Pretest Patient Care

  1. Explain purpose of test, procedure for stool collection, and interfering factors using a culturally competent and culturally sensitive approach. Because the specimen cannot be obtained on demand, it is important to provide detailed instructions before the test so that the specimen is collected when the opportunity presents itself. Provide written instructions if necessary.

  2. Provide proper containers and other collection supplies. Instruct the patient to defecate in a large-mouthed plastic container, bag, or clean bedpan. Provide for and respect the patient’s privacy.

  3. Instruct the patient not to urinate into the collecting container or bedpan.

  4. Do not place toilet paper in the container or bedpan because it interferes with testing.

  5. If the patient has diarrhea, a large plastic bag attached by adhesive tape to the toilet seat may be helpful in the collection process. After defecation, the bag can be placed into a container.

  6. Specimens for most tests can be produced by a warm saline enema or Fleet Phospho-Soda enema.

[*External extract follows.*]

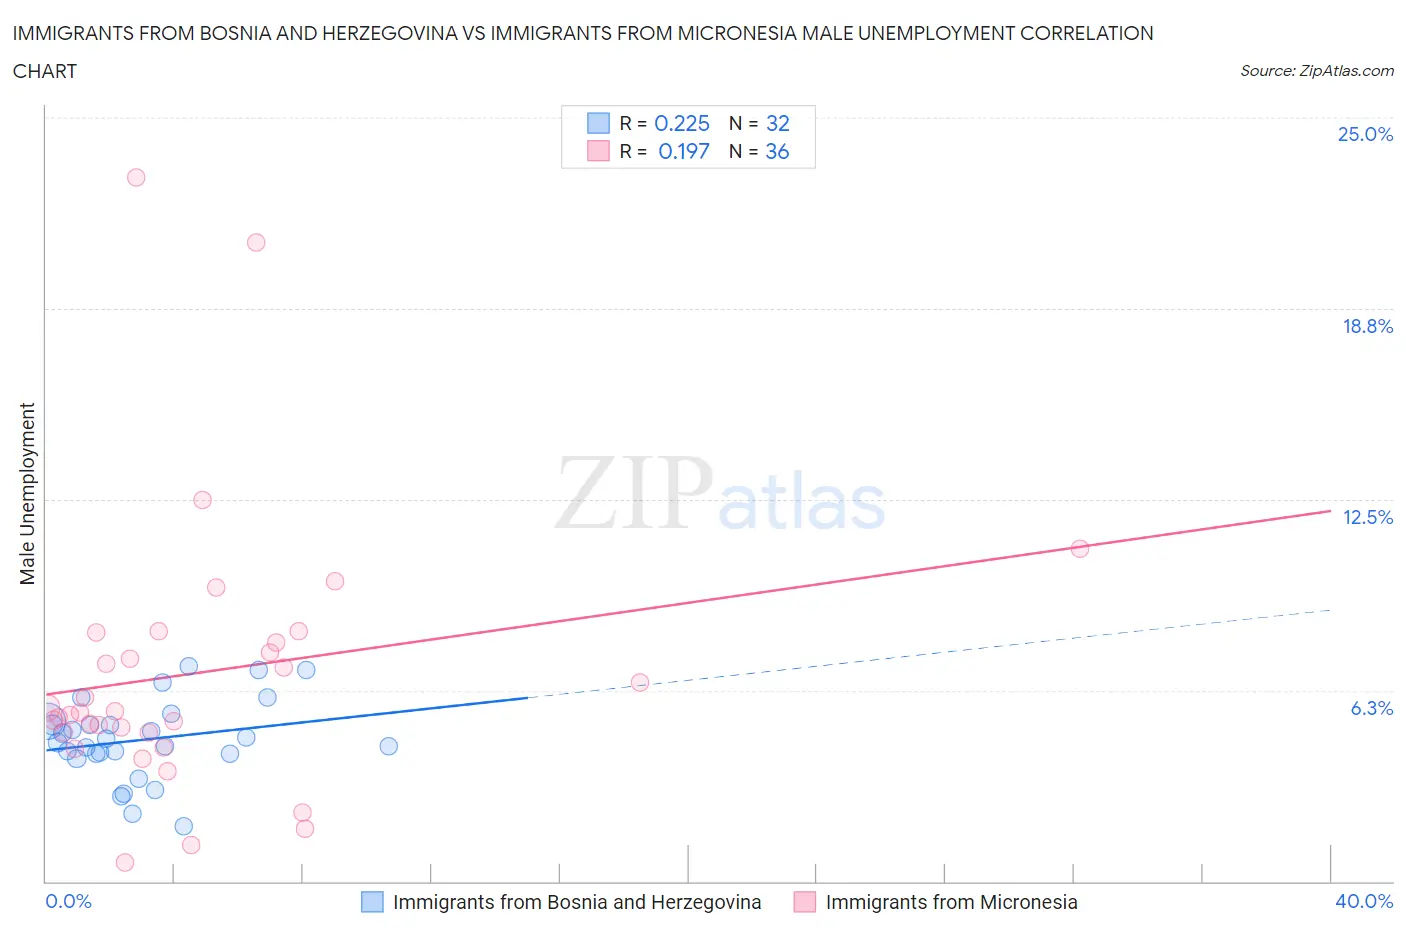 Immigrants from Bosnia and Herzegovina vs Immigrants from Micronesia Male Unemployment

  7. Tests for both ova and parasites and cultures for enteric pathogens may be ordered together. In this case, the specimen should be divided into two samples, with one portion refrigerated for culture testing and one portion kept at room temperature for ova and parasite testing. Commercial collection kits that require the stool to be divided and placed into separate vials for better recovery of ova and parasites and enteric pathogens are available. (See Chapter 7, Microbiologic Studies.)

  8. Follow guidelines in Chapter 1 for safe, effective, informed pretest care.

Posttest Patient Care

  1. Provide patient privacy and the opportunity to cleanse perineal area and hands. Assist as necessary.

  2. Review test results; report and record findings. Modify the nursing care plan as needed.

  3. Follow guidelines in Chapter 1 for safe, effective, informed posttest care.

Clinical Alert

  1. Any stool collected may harbor highly infective pathogens. Observe standard precautions and proper handling techniques at all times.

  2. Instruct patients in proper handwashing techniques after each use of the bathroom.

Interfering Factors

  1. Stool specimens from patients receiving tetracyclines, antidiarrheal medications, barium, bismuth, oil, iron, or magnesium may not yield accurate results.

  2. Bismuth found in paper towels and toilet tissue interferes with accurate results.

  3. Do not collect or retrieve stool from the toilet bowl or use a specimen that has been contaminated with urine, water, or toilet bowl cleaner. A clean, dry bedpan may be the best receptacle for defecation.

  4. Inaccurate test results may result if the sample is not representative of the entire stool evacuation.

  5. Lifestyle, personal habits, travel, home and work environments, and bathroom accessibility are some of the factors that may interfere with proper sample procurement.

  6. Prompt transport of the specimen is necessary for accurate results. Trophozoites (protozoa in the early growth stage) in liquid stool disintegrate rapidly after defecation; therefore, the specimen needs to be examined 30 minutes from start of collection of specimen, not 30 minutes from end of collection. Semiformed stool should be examined within 60 minutes after defecation. No trophozoites are seen in formed stool.